It’s been a few days since the end of this year’s National Novel Writing Month event. I’m happy I participated, and very satisfied at having reached the goal of 50K words. Chapters six and seven of “Gray Metal Faces” have been completely revised, and the first draft of chapter eight has begun; honestly, I don’t think I would have accomplished so much if I hadn’t been trying to “win” NaNoWriMo.
But I’m not happy with those last few days in November. Getting those final few thousand words was difficult, and while I got the job done, I certainly didn’t enjoy myself. Writing shouldn’t always be easy, and I’m definitely not afraid of the work; however, during those last few days in November I was writing because I had to, not because I wanted to. Working on the novel became just another obligation, and I approached those final blog entries with all the enthusiasm of a dental appointment.
That’s not a feeling I want to experience again, and makes me wonder if I’ll participate in next year’s NaNoWriMo. Yeah, there’s a real good chance that I could end next November with a complete draft of the entire novel, which would be completely awesome. But to have that empty, joyless feeling — I’m not sure any accomplishment would be worth that.
So yes, I’m happy to have participated in this year’s NaNoWriMo, but whether I take part in next year’s event is an open question.

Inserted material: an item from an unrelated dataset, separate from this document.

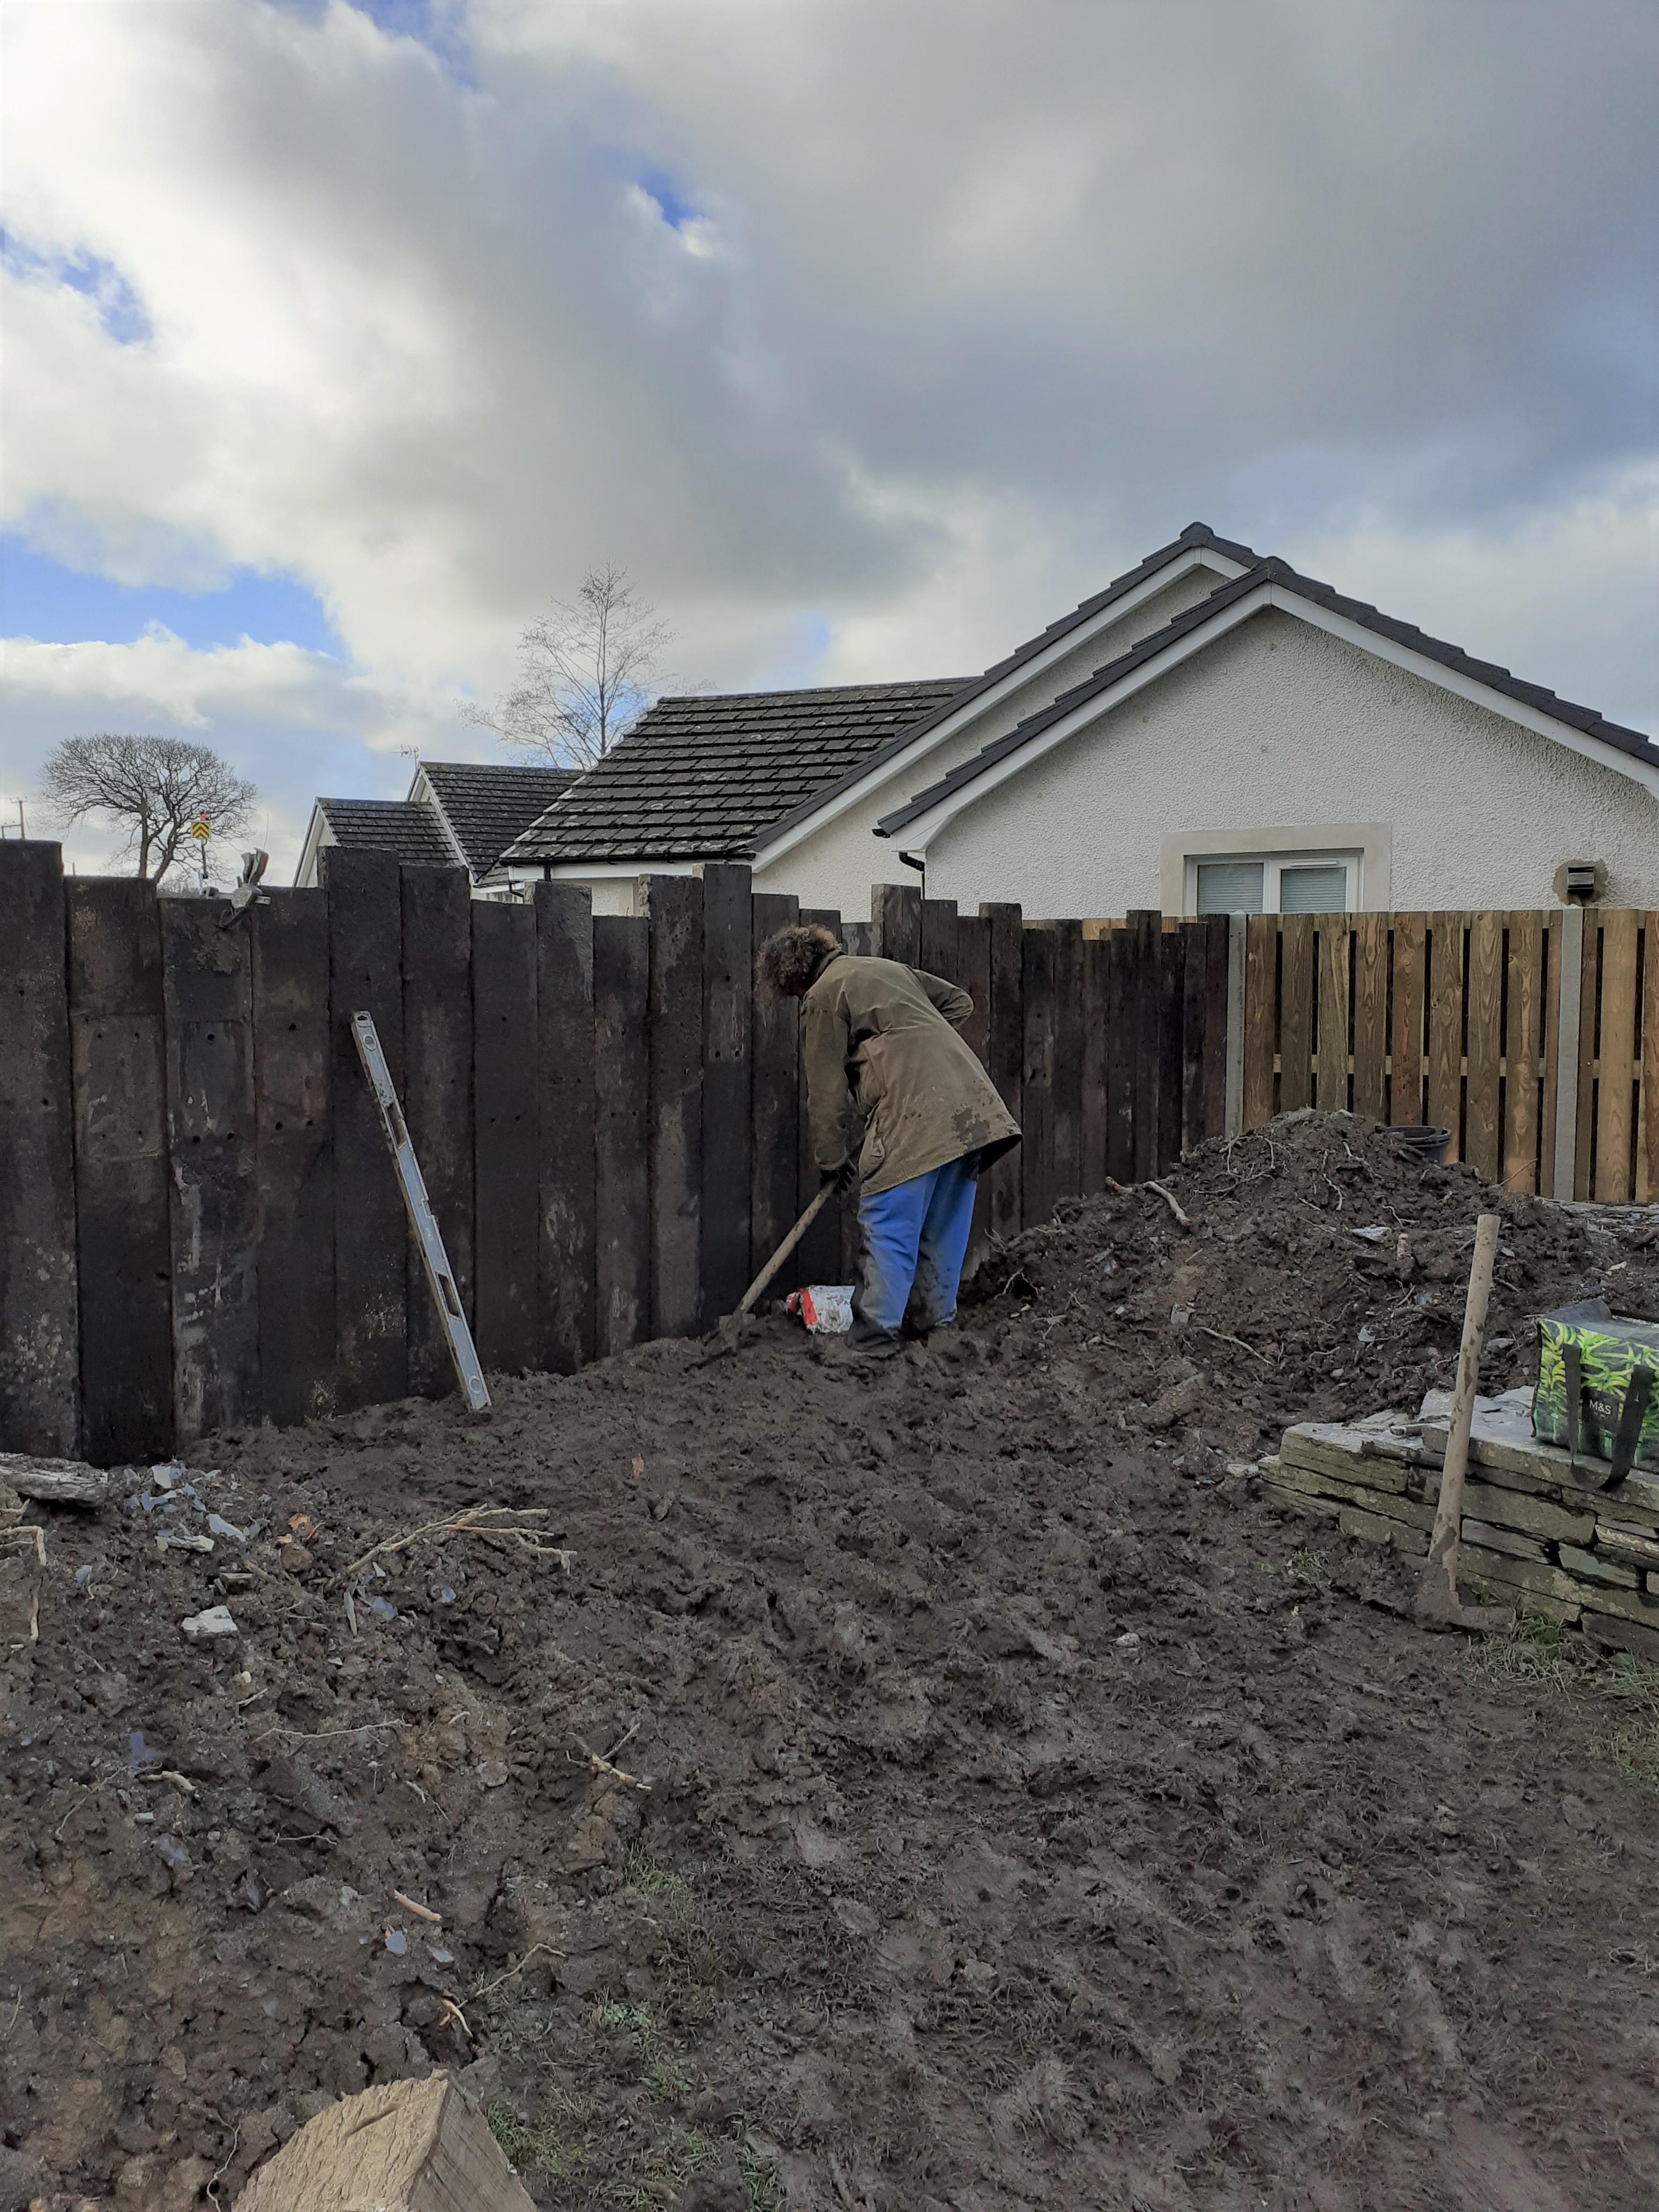 landworks-working-in-the mud-llechryd

It hasn’t been pretty these last couple of days, but my NaNoWriMo goal of 50K words has been reached, with about 75 minutes to spare. Don’t have much energy (physical or mental) left to say anything more profound than that; right now, I don’t even feel victorious. Just tired, and a little grateful for being able to accomplish this feat.
Finished the chapter seven revision yesterday. Combined with the chapter six revision completed earlier this month, I’m up to a little less than 47k words so far in NaNoWriMo 2016. Started the first draft of chapter eight earlier today (I’ll have more to say tomorrow about how I’m drafting chapters eight and nine), and came to a convenient stopping point after 1100 words. Two more days like today, or maybe a big push tomorrow — either way, the finish line of personal victory is in sight.

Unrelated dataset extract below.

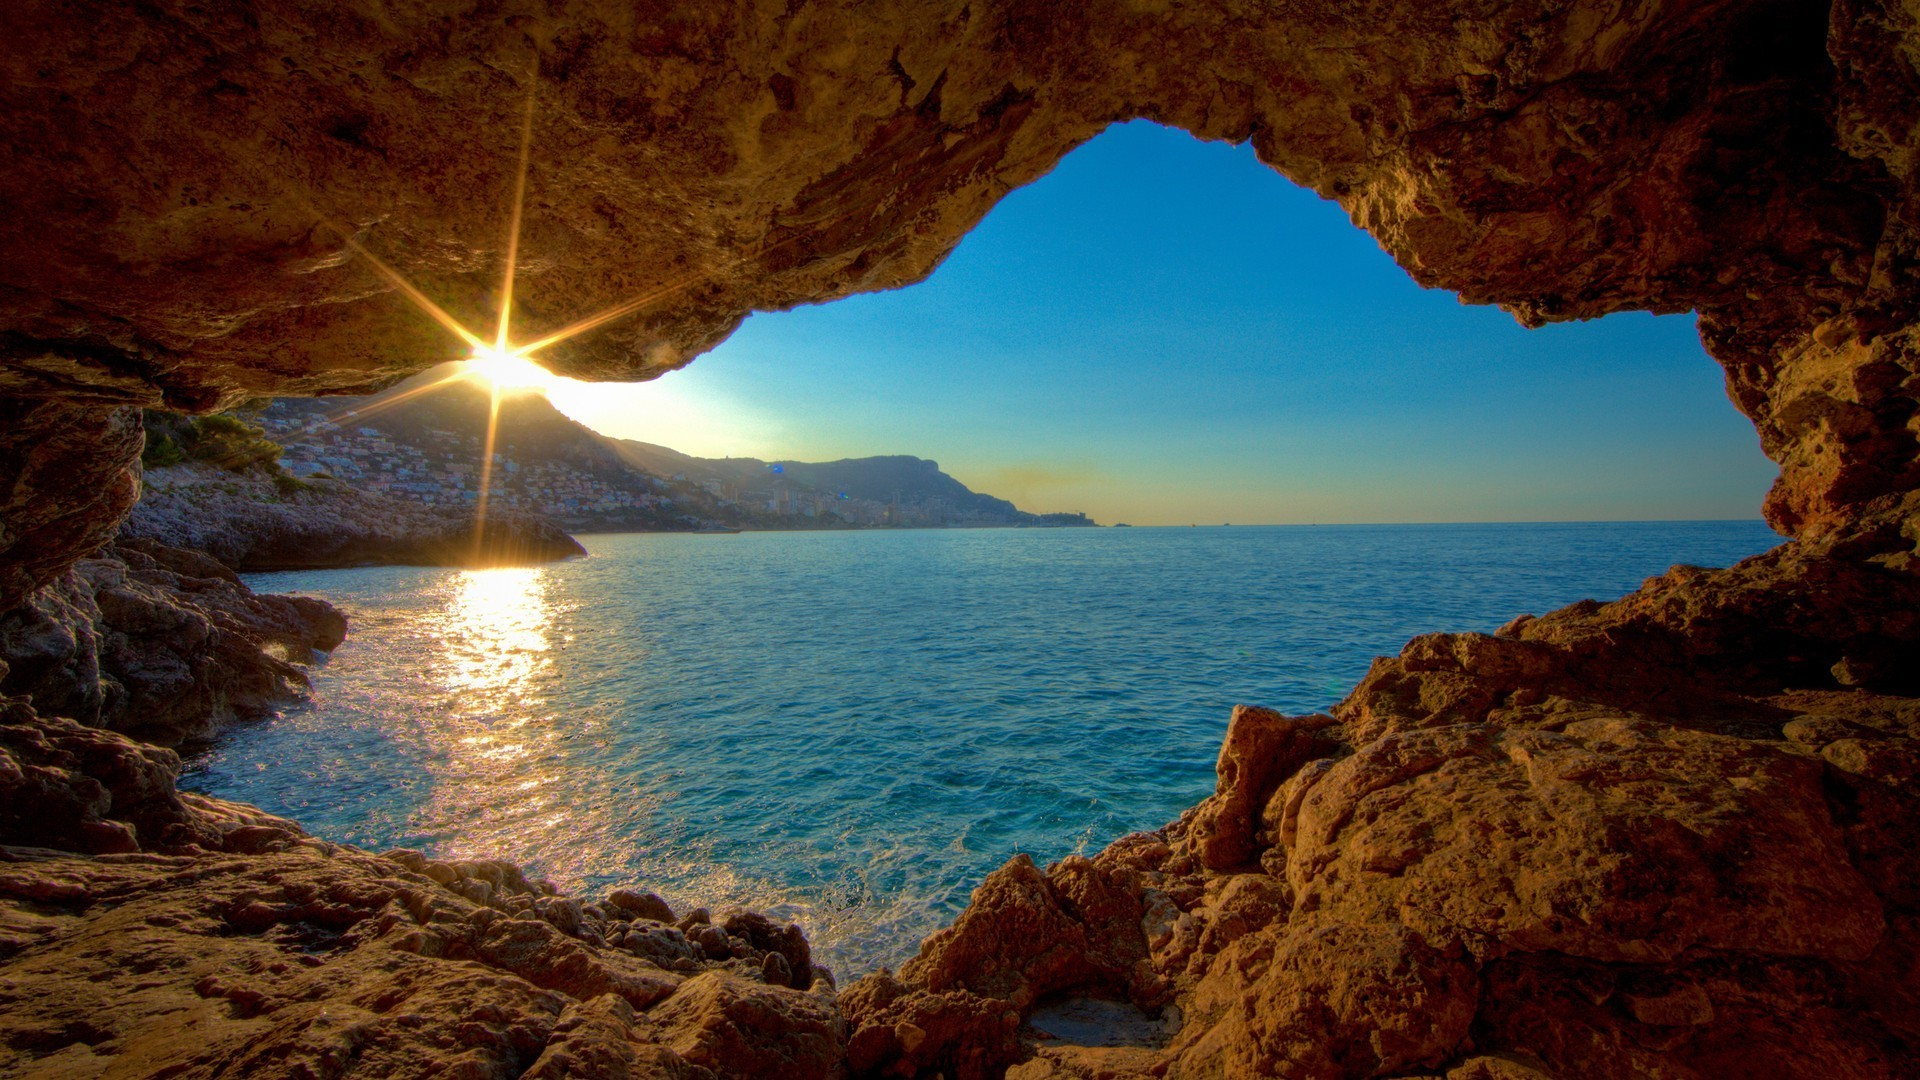 Caves Wallpaper Widescreen (62+ images)

Looking forward to ending this challenge. Really glad I’ve put in all this work, but after 28 days I’m feeling the urge to move on from the novel for a bit.
Launched my writing project today for this year’s NaNoWriMo event, which begins four weeks from tomorrow. The goal this time is to revise work I’ve already written on this blog, chapters six (Jan – Mar 2015) and seven (Mar – Apr 2016) of my novel Gray Metal Faces. With my self-imposed limit of 25K words for each chapter, I should fall short of the NaNoWriMo goal of 50K words when I finish revising chapter seven — so maybe I’ll get a start on drafting the eighth chapter as well.
Taking an extended break from the “Warning Signs” narrative to embark on a far more ambitious project.
Tomorrow is the start of National Novel Writing Month, and over the course of November I’ll be writing the second draft of the novel I’ve been developing over the past several years. It won’t be completed — my plan is to revise the first four chapters, which if all goes as planned should get me over the 50K word goal suggested by NaNoWriMo — and as I have nine chapters planned for the novel, I’ll also be about half-way to my personal goal.
For those of you who follow my blog regularly, this coming month will be a little different. I’ll still post daily, but most will be significantly longer than my usual 200 to 400 words. Fifty thousand words over thirty days averages out to almost 1700 daily; there will be days when my word count will reach three, even four thousand. That’s a lot to read at one sitting, and if you decide there’s better things you should be doing, I’ll certainly understand. I just hope you decide to come back on December 1.
It’s a time of nervous excitement for me. I’m not certain that I’m ready, but am certain there will never be a time when I’ll feel ready. And to a certain extent, I don’t care if I’m disappointed in the end result — I just want to know what it feels like to have finished. Climbing this mountain will cause me a lot of discomfort, and I know I won’t ascend as quickly or gracefully as I’d like; breathing the thin cool air at the summit will make the effort worthwhile.